:: Assignment ::
All entries are to be quoted exactly; the images stay out of the copy.

:: The data ::
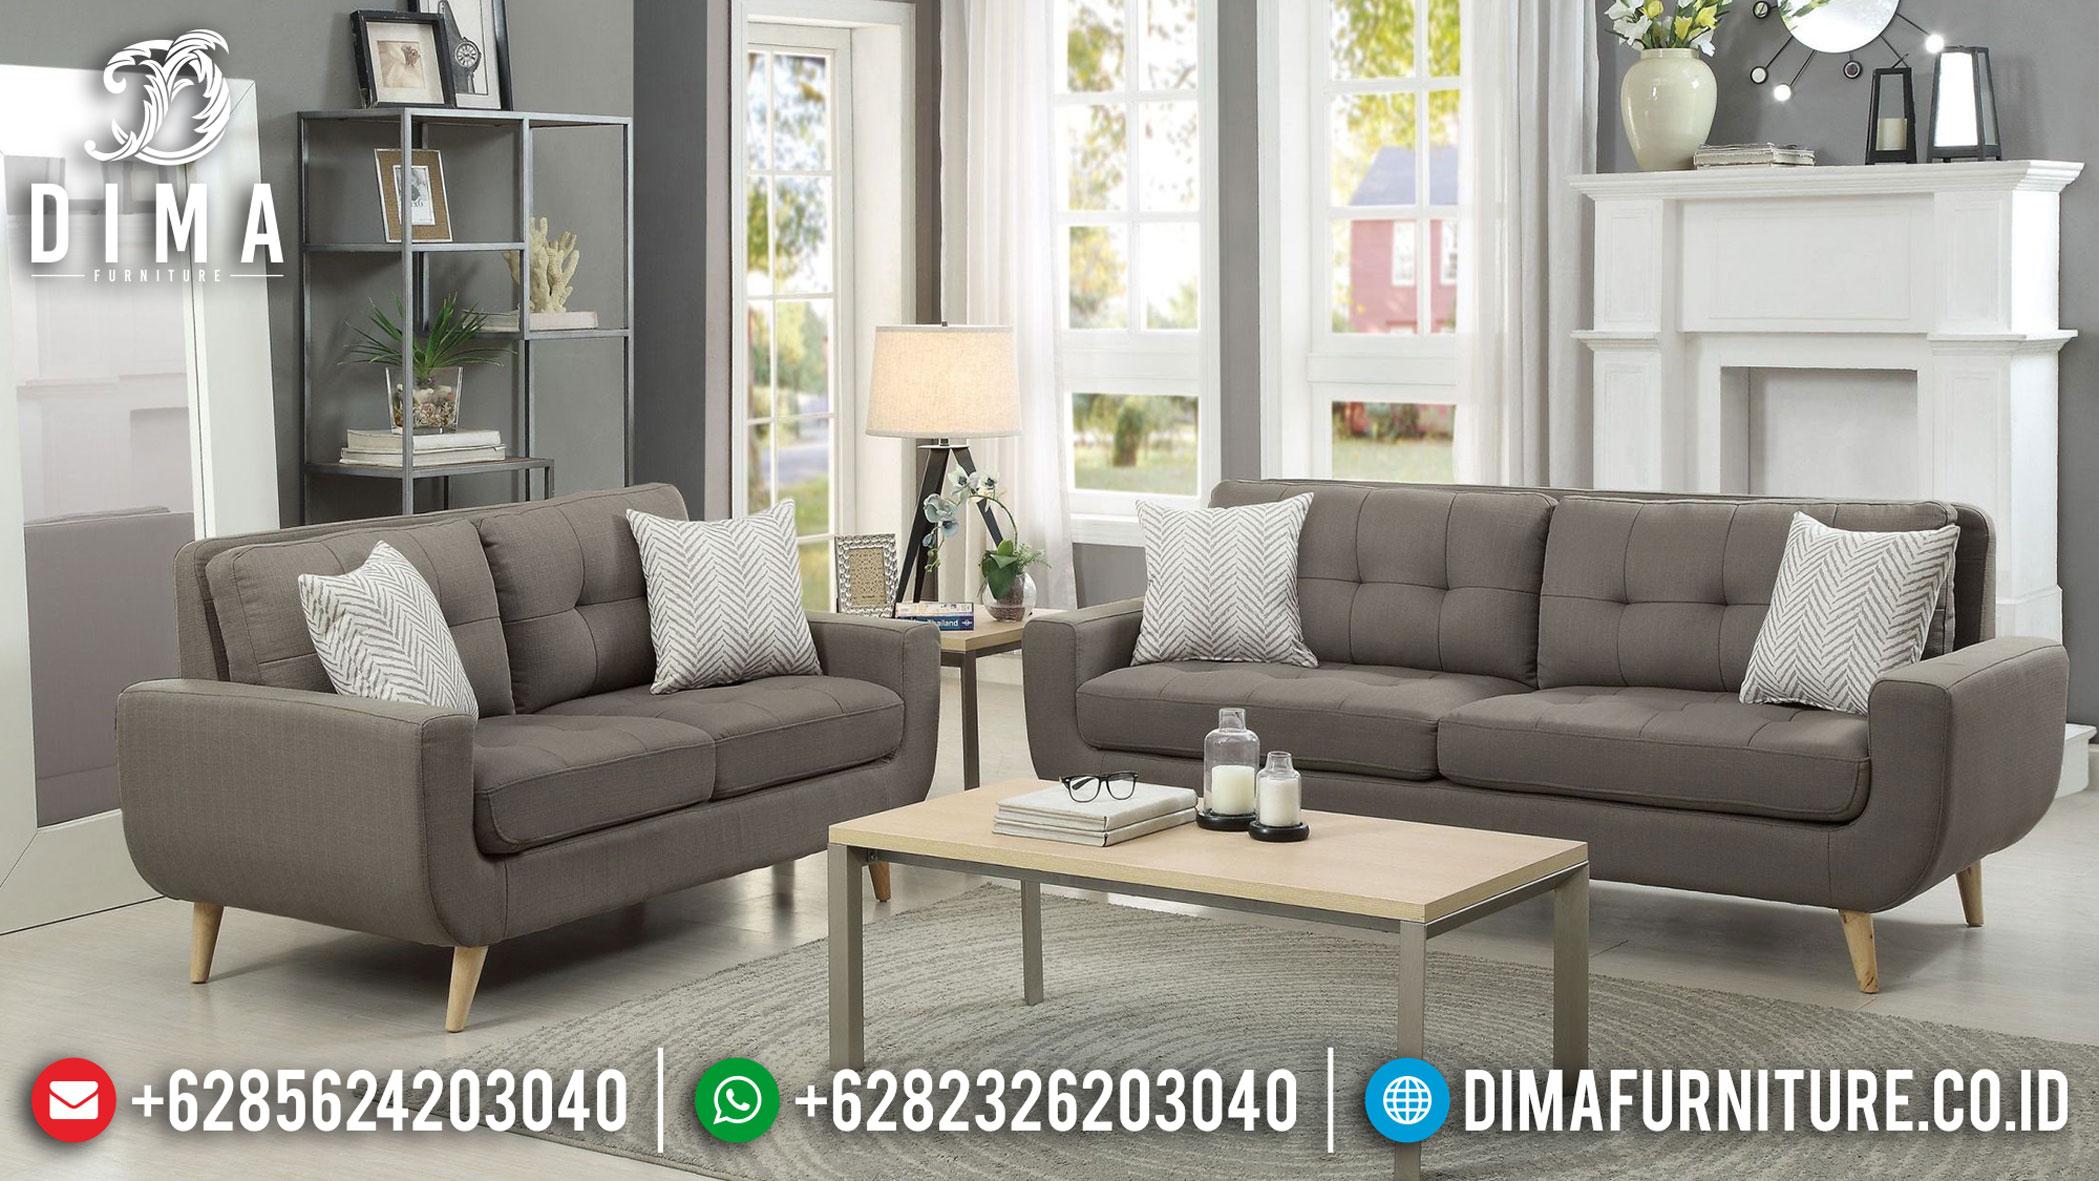 Best Sale Sofa Tamu Minimalis Classic Retro French Style New 2021 TTJ-1199
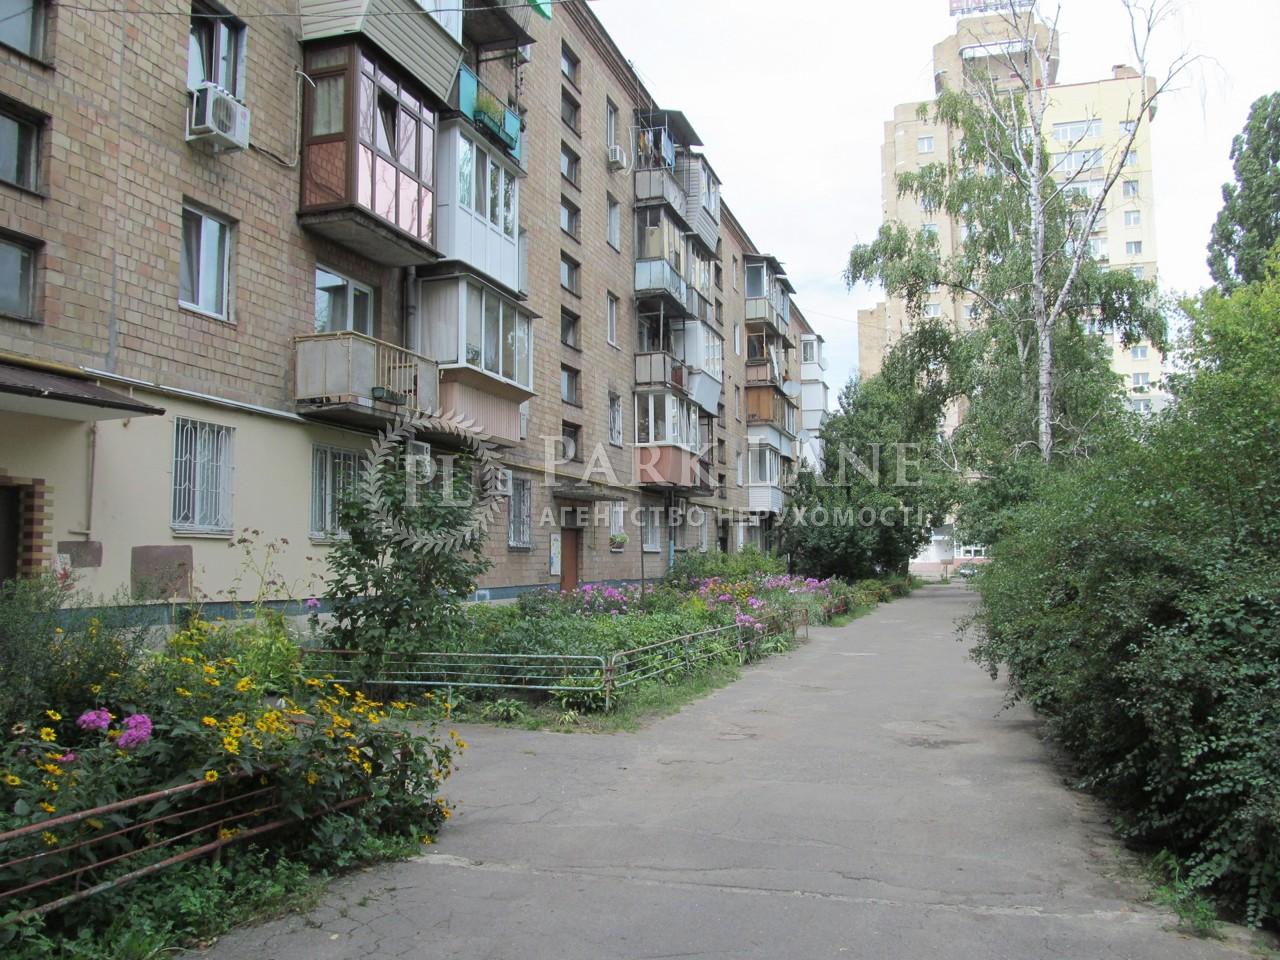 Квартира ул. Довженко, 12, Киев, R-35965 - Фото 1
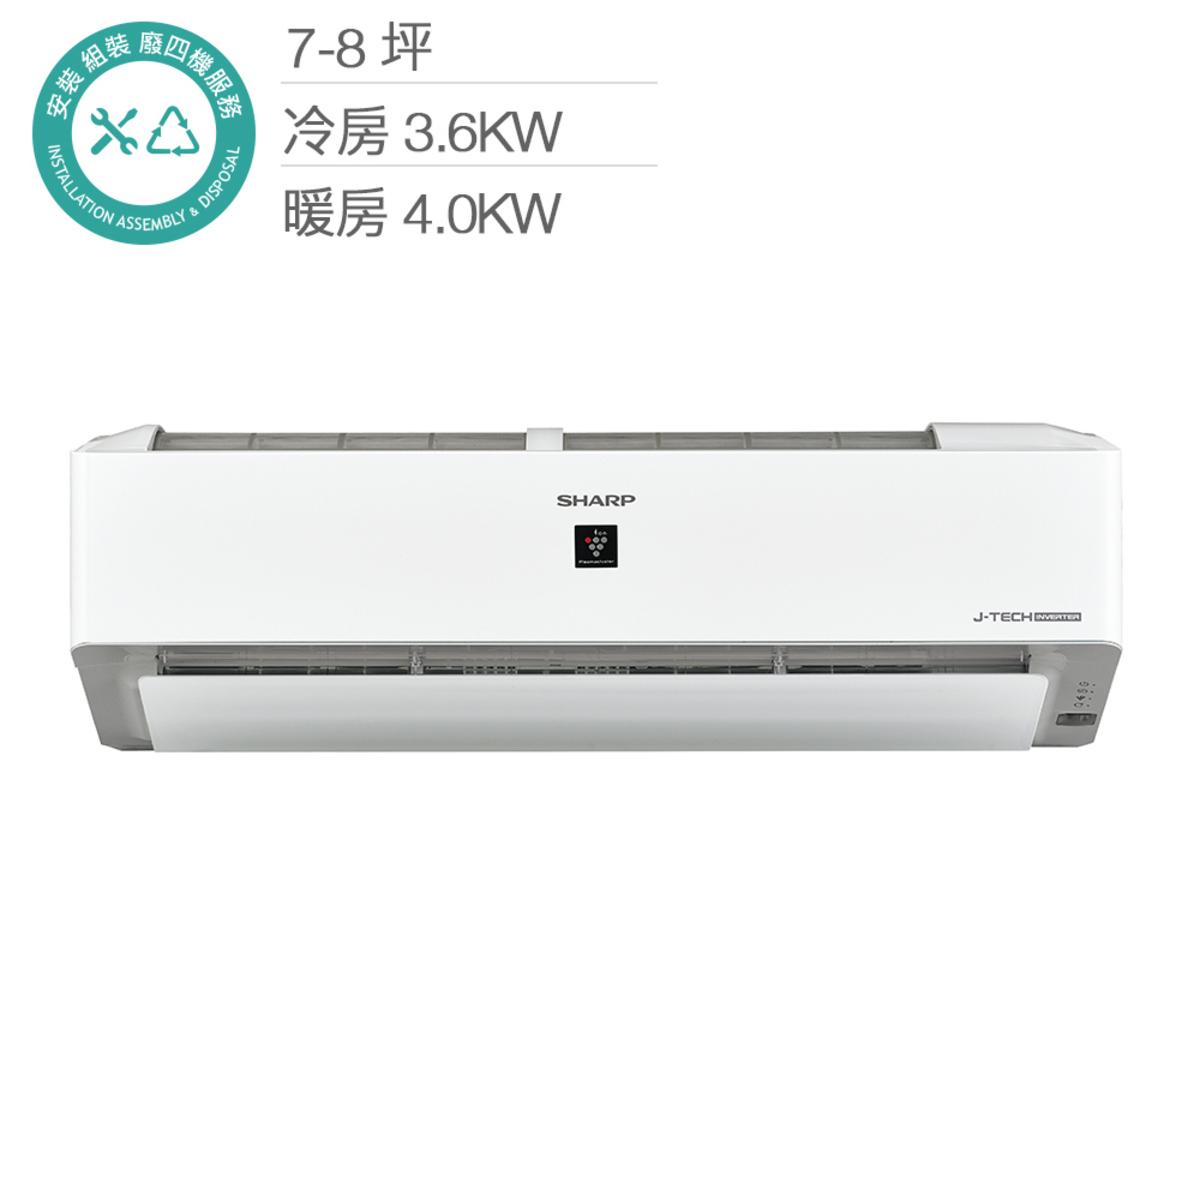 SHARP一對一自動除菌離子旗艦冷暖型變頻空調
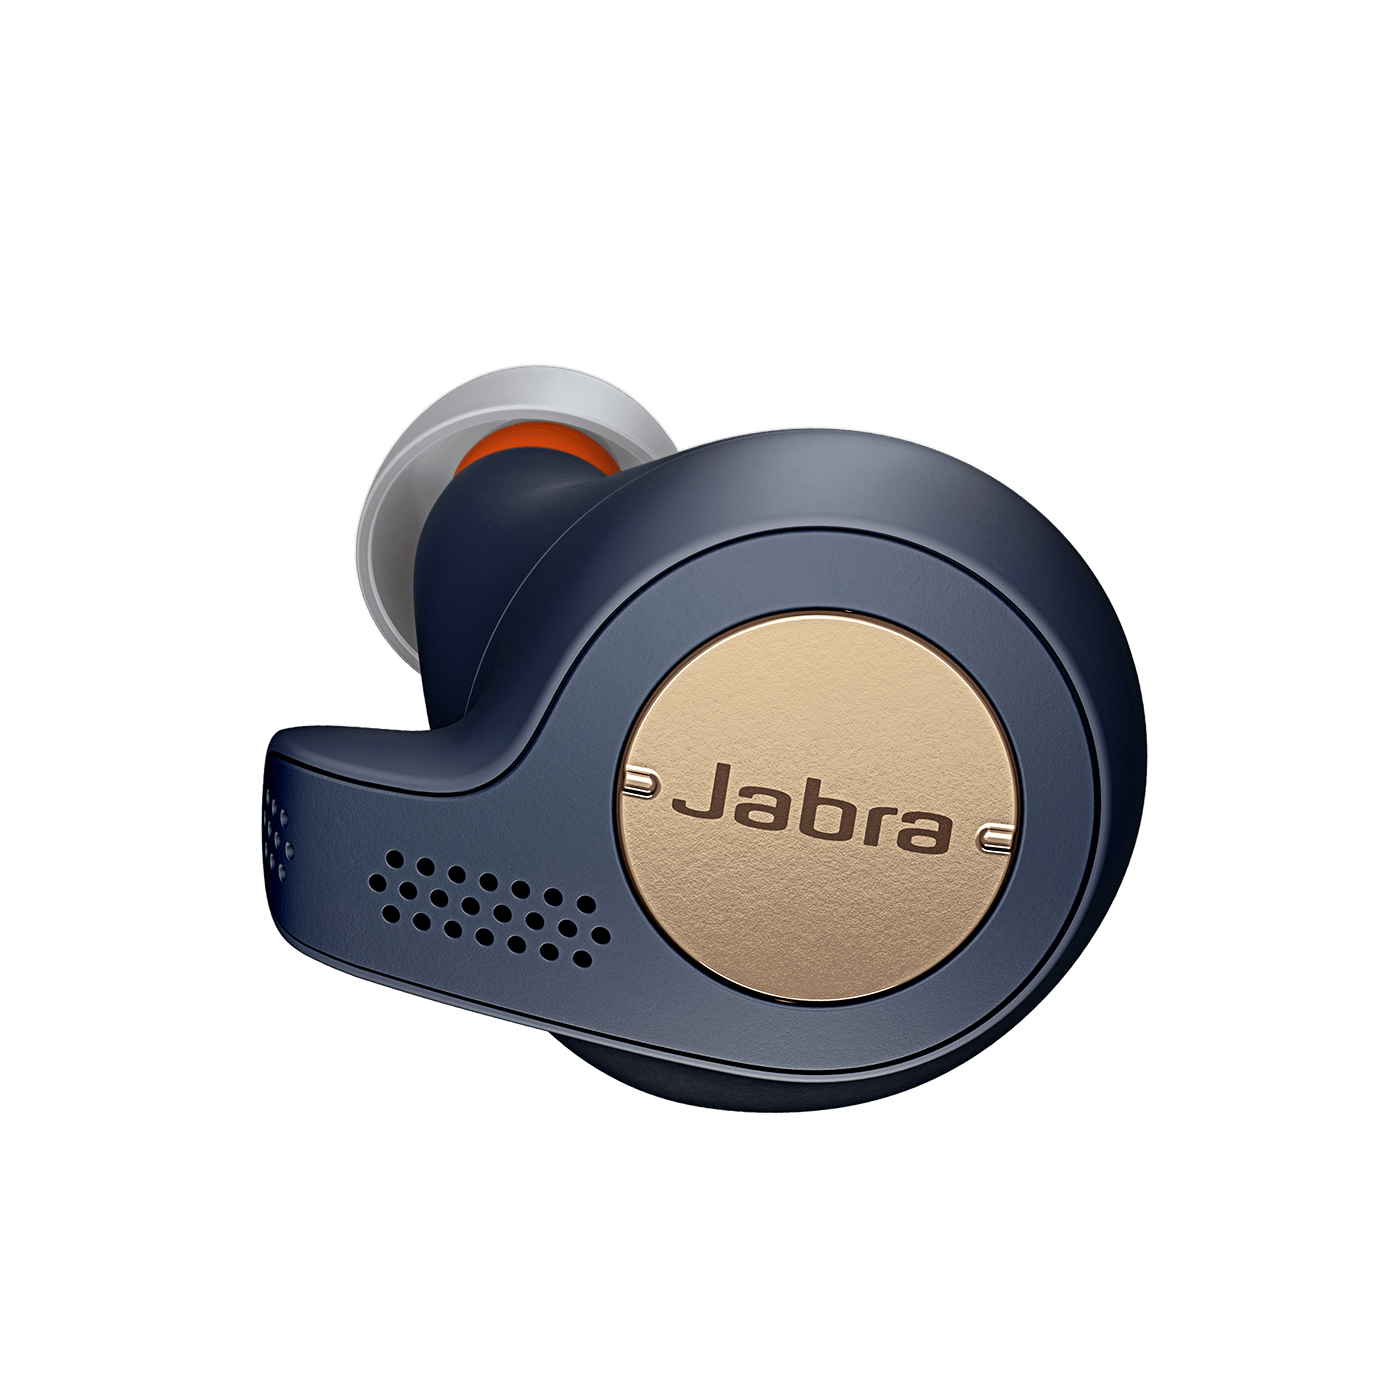 Jabra Elite Active 65t Left Earbud - Copper Blue
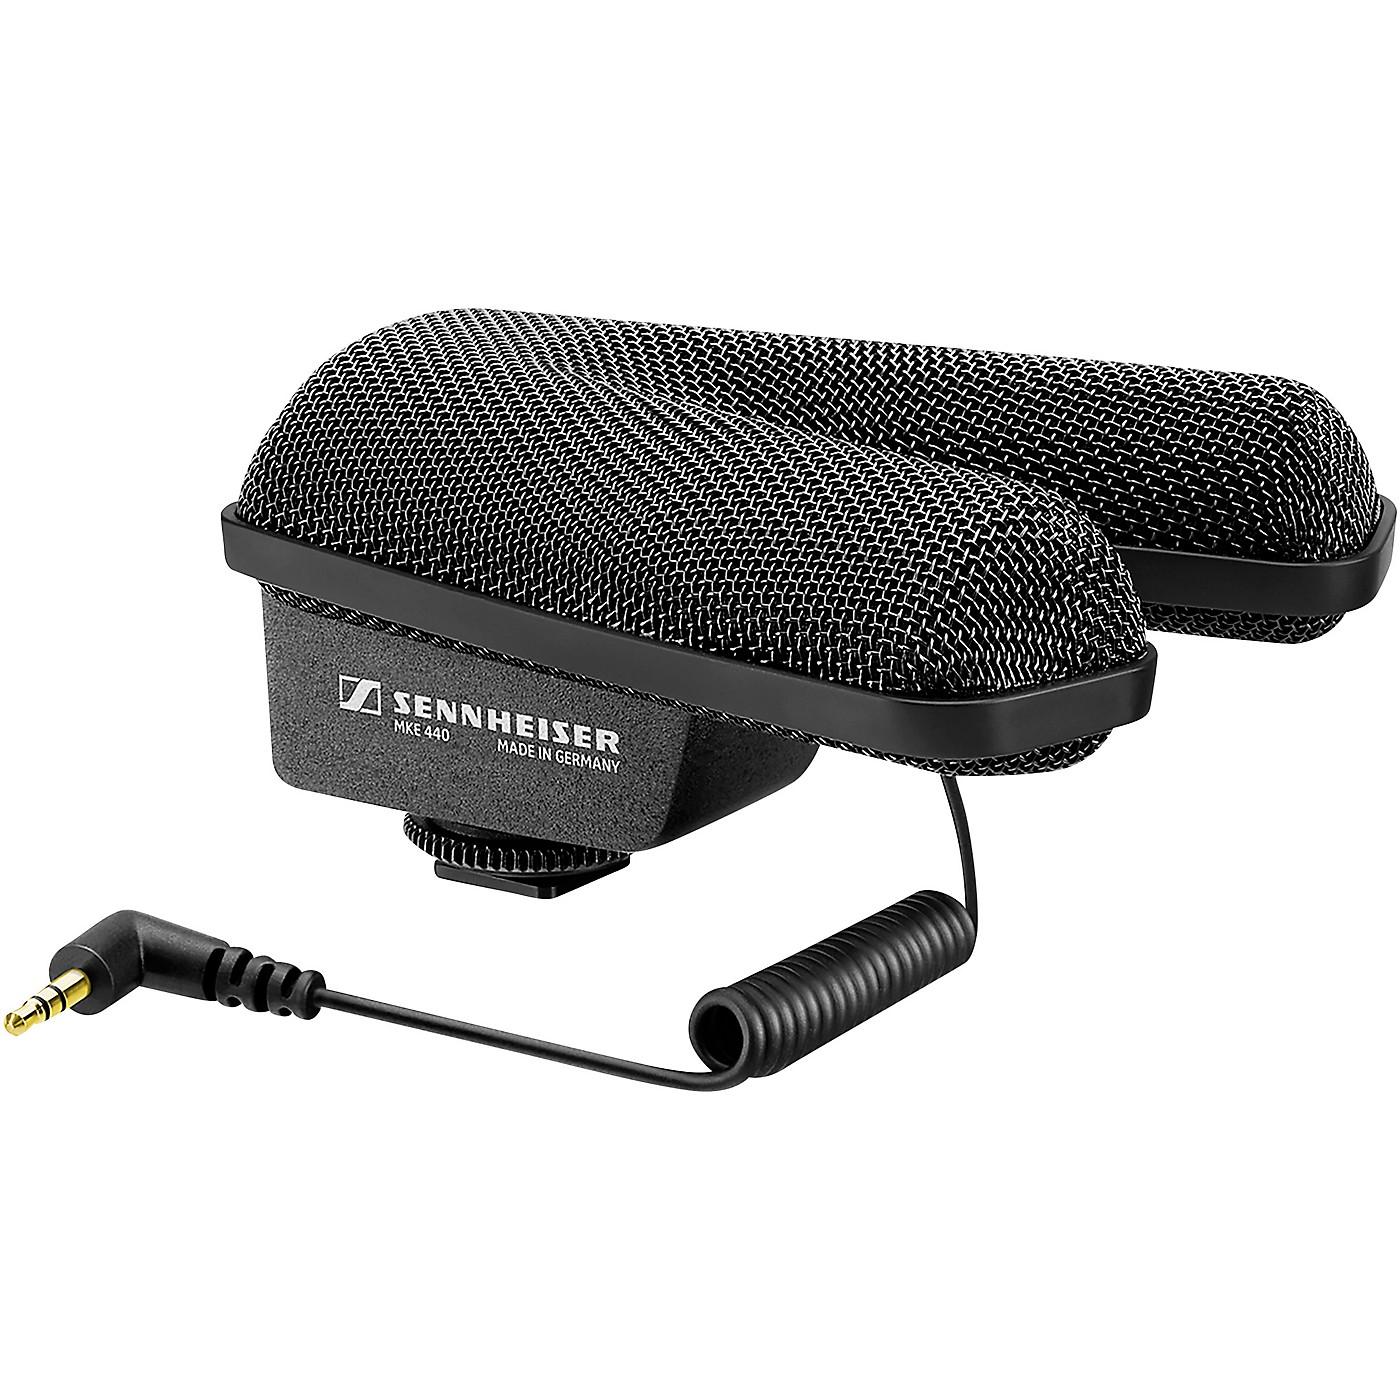 Sennheiser MKE440P Microphone thumbnail

:: Solution for this task ::
 Best Sale Sofa Tamu Minimalis Classic Retro French Style New 2021 TTJ-1199
 Квартира ул. Довженко, 12, Киев, R-35965 - Фото 1
 SHARP一對一自動除菌離子旗艦冷暖型變頻空調
 Jabra Elite Active 65t Left Earbud - Copper Blue
 Sennheiser MKE440P Microphone thumbnail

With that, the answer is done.